If M is a Riemannian manifold with nonnegative curvature, then by Proposition 5.4.1 in [22], the exponential mapping on M induced by $\nabla $ is a retraction R, and the parallel transport is isometric vector transport.
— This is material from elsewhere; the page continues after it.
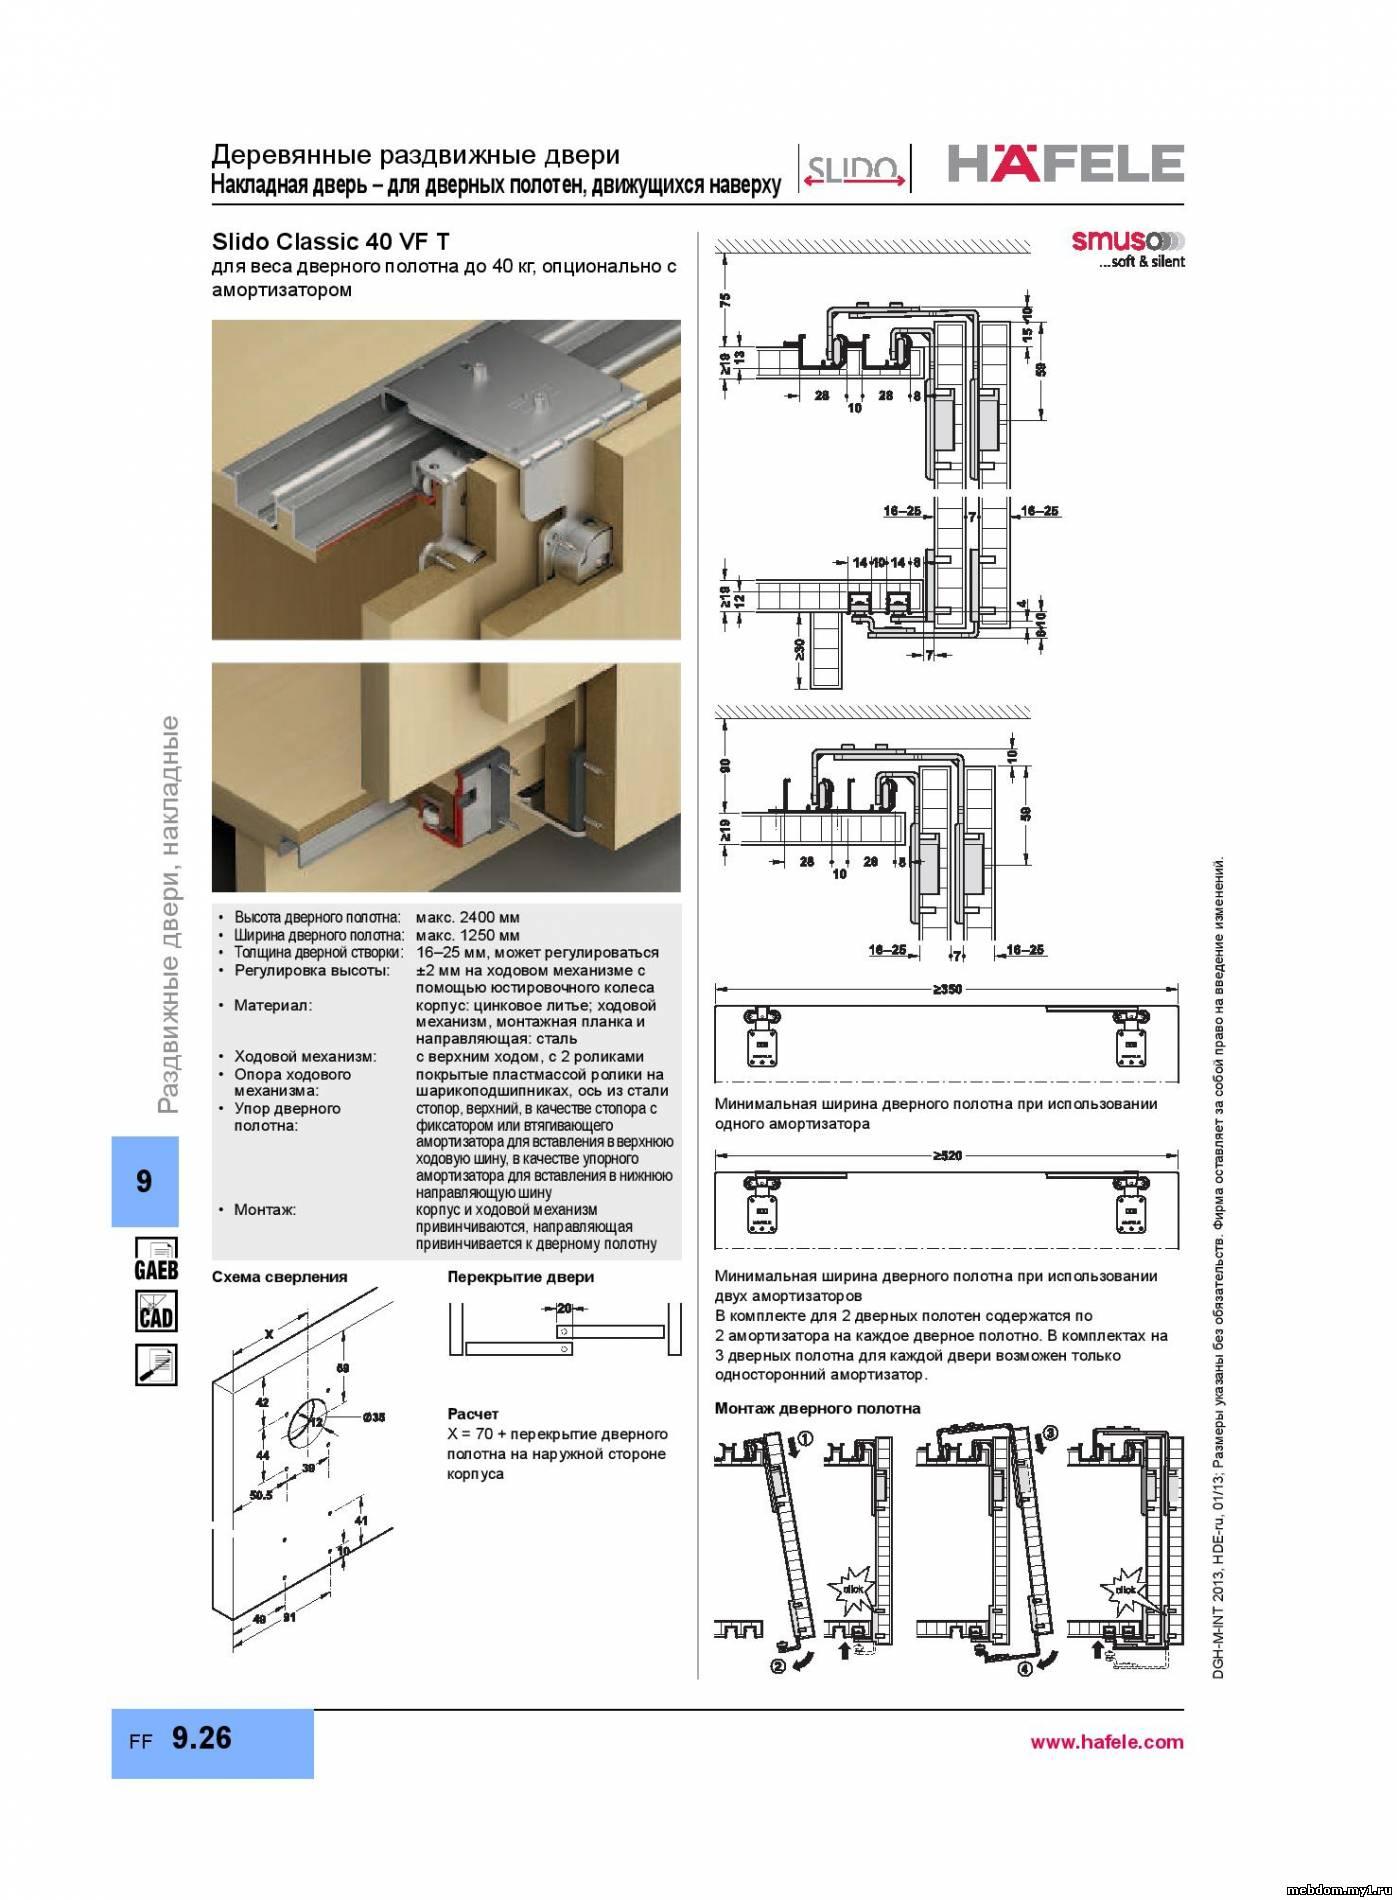 Раздвижные двери своими руками : монтаж, установка, изготовление 89
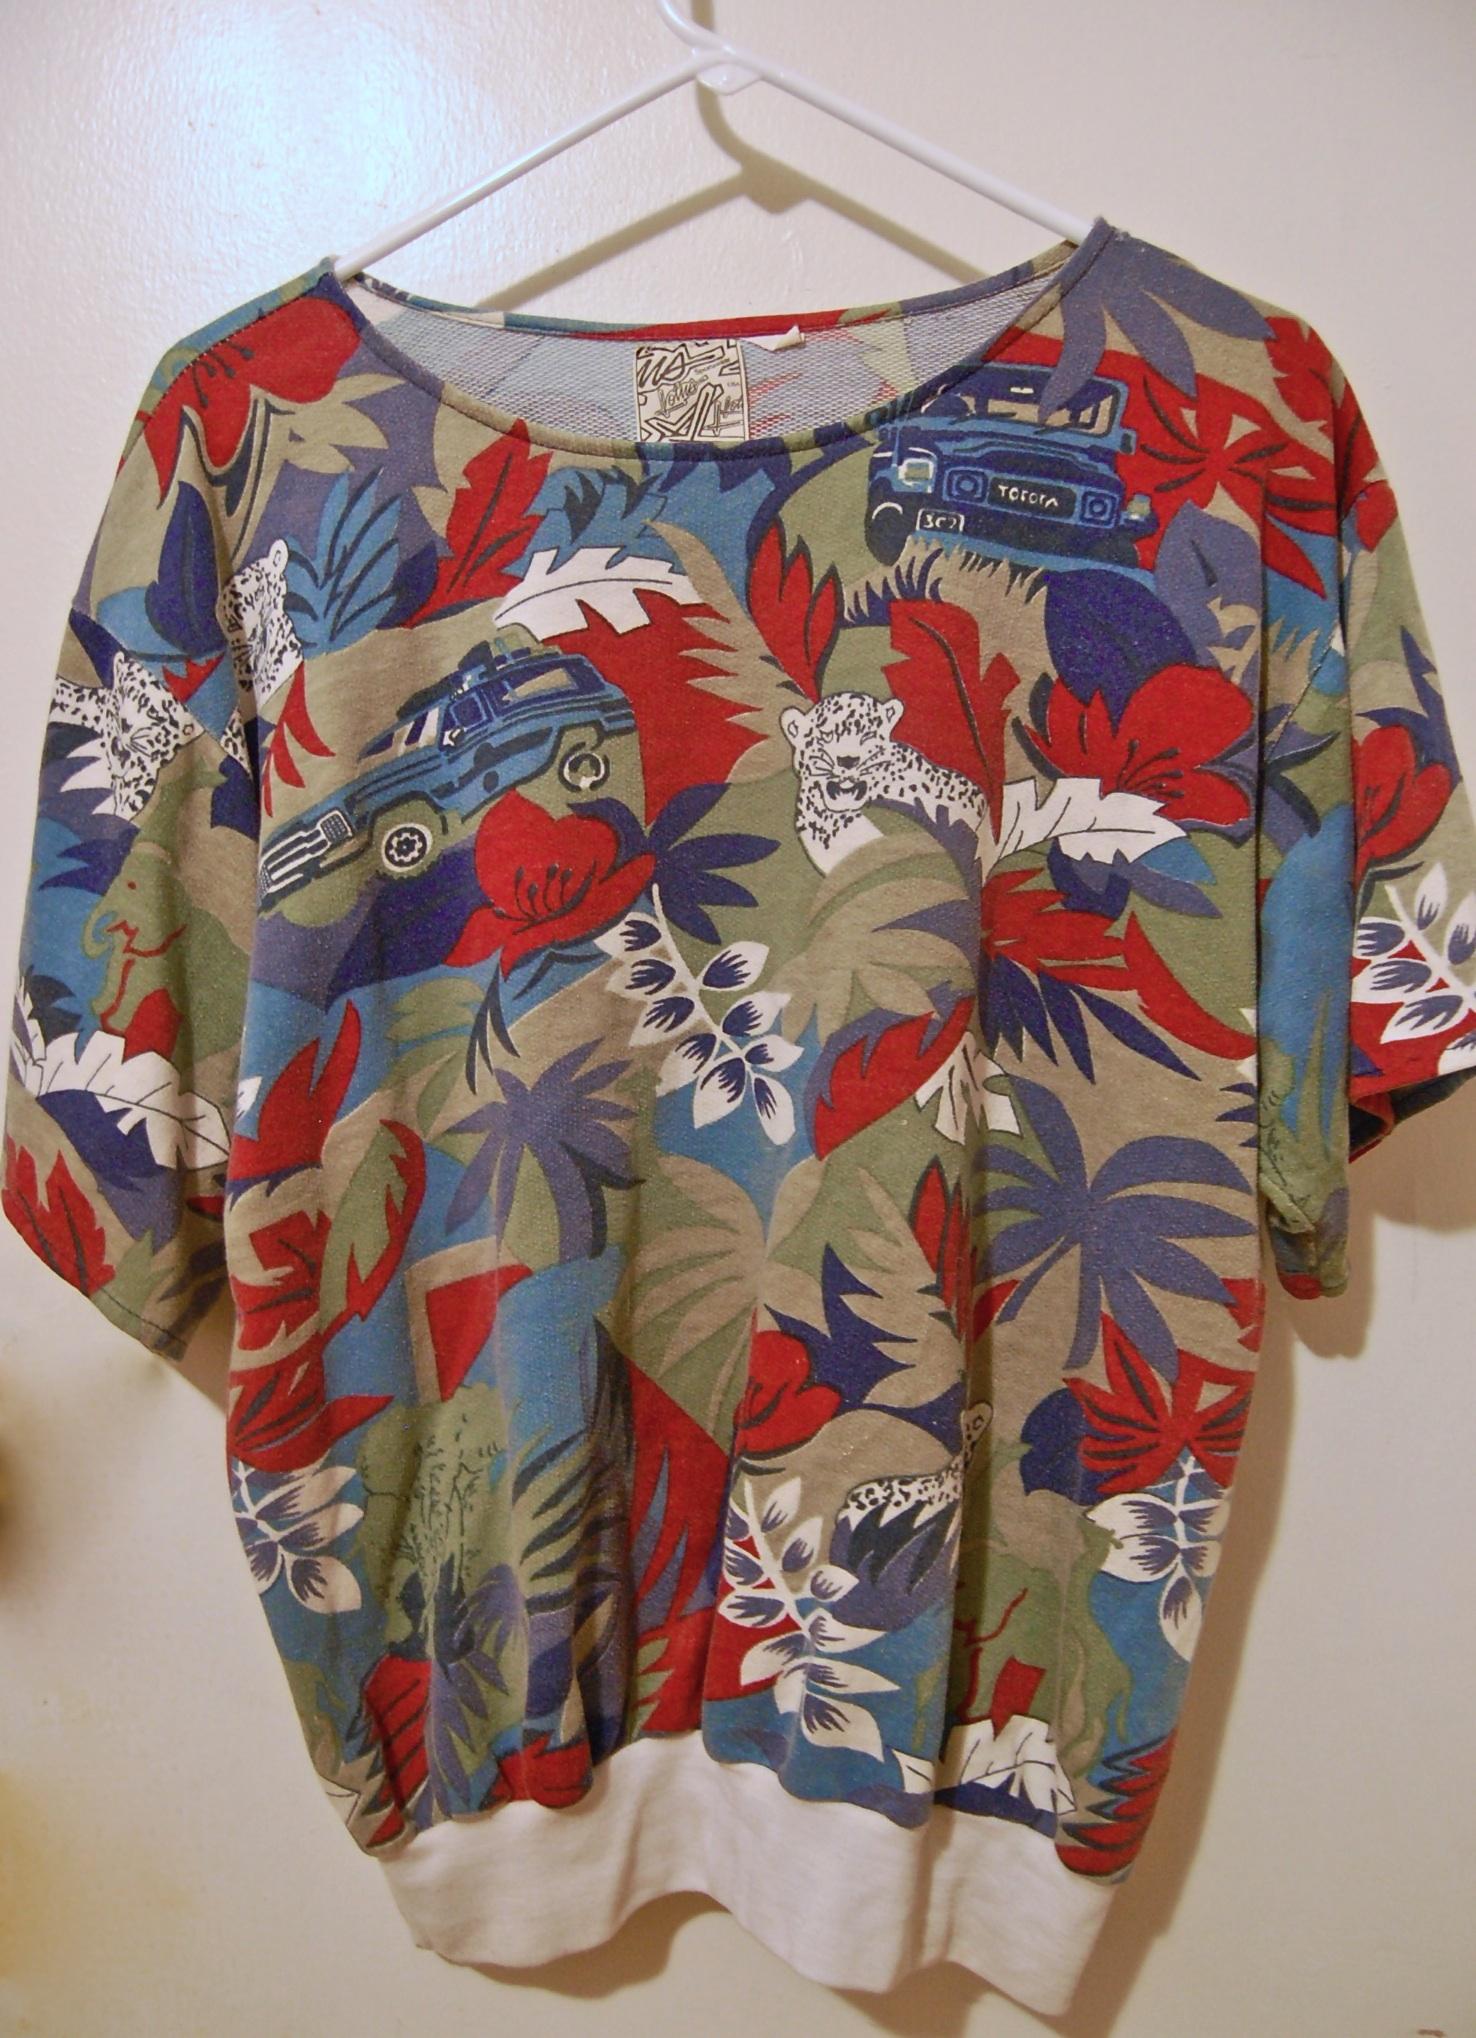 katie-notopoulos_shirt

Furthermore, if $d_{k}=-\mathrm {grad}f(x_{k})$ and $B_{k}=I$ (I denotes the unit matrix), then from (4), we get

$$\begin{aligned} f(x_{k+1})-f(x_{k})\le \sigma \alpha _{k} \left( \frac{1}{2}\alpha _{k}-1 \right) \Vert \mathrm {grad}f(x_{k})\Vert ^{2}. \end{aligned}$$

In this case, the descent method with new inexact line-search on Riemannian manifolds is a generalization of the steepest descent method with Armijo line-search in [4].

From Lemma 5.2.1 and Lemma 5.2.2 in [31], and the definition of $\mathscr {L}(.,.)$, we obtain the following result.

Lemma 2.1

Suppose that the function $f:M\rightarrow \mathbb {R}$ is twice continuously differentiable on a set $S\subset M$. Then, there exists a constant $L_{0}>0$ such that, for all $x, y\in S$,

$$\begin{aligned} \Vert \mathscr {L}(x,y)\mathrm {grad}f(x)-\mathrm {grad}f(y)\Vert \le L_{0}\Vert R^{-1}_{x}y\Vert . \end{aligned}$$

(5)

4 Global Convergence

In this section, we study the global convergence property of the descent method with new inexact line-search on Riemannian manifolds under some appropriate assumptions.

Definition 3.1

The matrix $B_{k}$ is said to be uniformly positive definite, iff there exist constants $m'$ and $\overline{m}$ such that $0<m'\le \overline{m}$ and for any $k\in \mathbb {N}$,

$$\begin{aligned} m'\Vert d\Vert ^{2}\le g(B_{k}[d],d)\le \overline{m}\Vert d\Vert ^{2}, \quad \forall d\in T_{x_{k}}M. \end{aligned}$$

(6)

Proposition 3.1

Assume that f is twice continuously differentiable on M, $B_{k}$ is uniformly positive definite, $d_{k}$ is a descent direction, and $\{x_{k}\}$ is the sequence generated by Algorithm 2.1. Then, there exists $\tau >0$ such that

$$\begin{aligned} f(x_{k})-f(x_{k+1}) \ge \tau \left( \frac{g(\mathrm {grad}f(x_{k}), d_{k})}{\Vert d_{k}\Vert } \right) ^{2}, \quad \forall k\in \mathbb {N}. \end{aligned}$$

(7)

Proof

Let $K_{1} = \{ k \in \mathbb {N} : \alpha _{k}=s_{k}\}$ and $K_{2} = \{ k \in \mathbb {N} : \alpha _{k}<s_{k}\}$. The proof is divided into two parts.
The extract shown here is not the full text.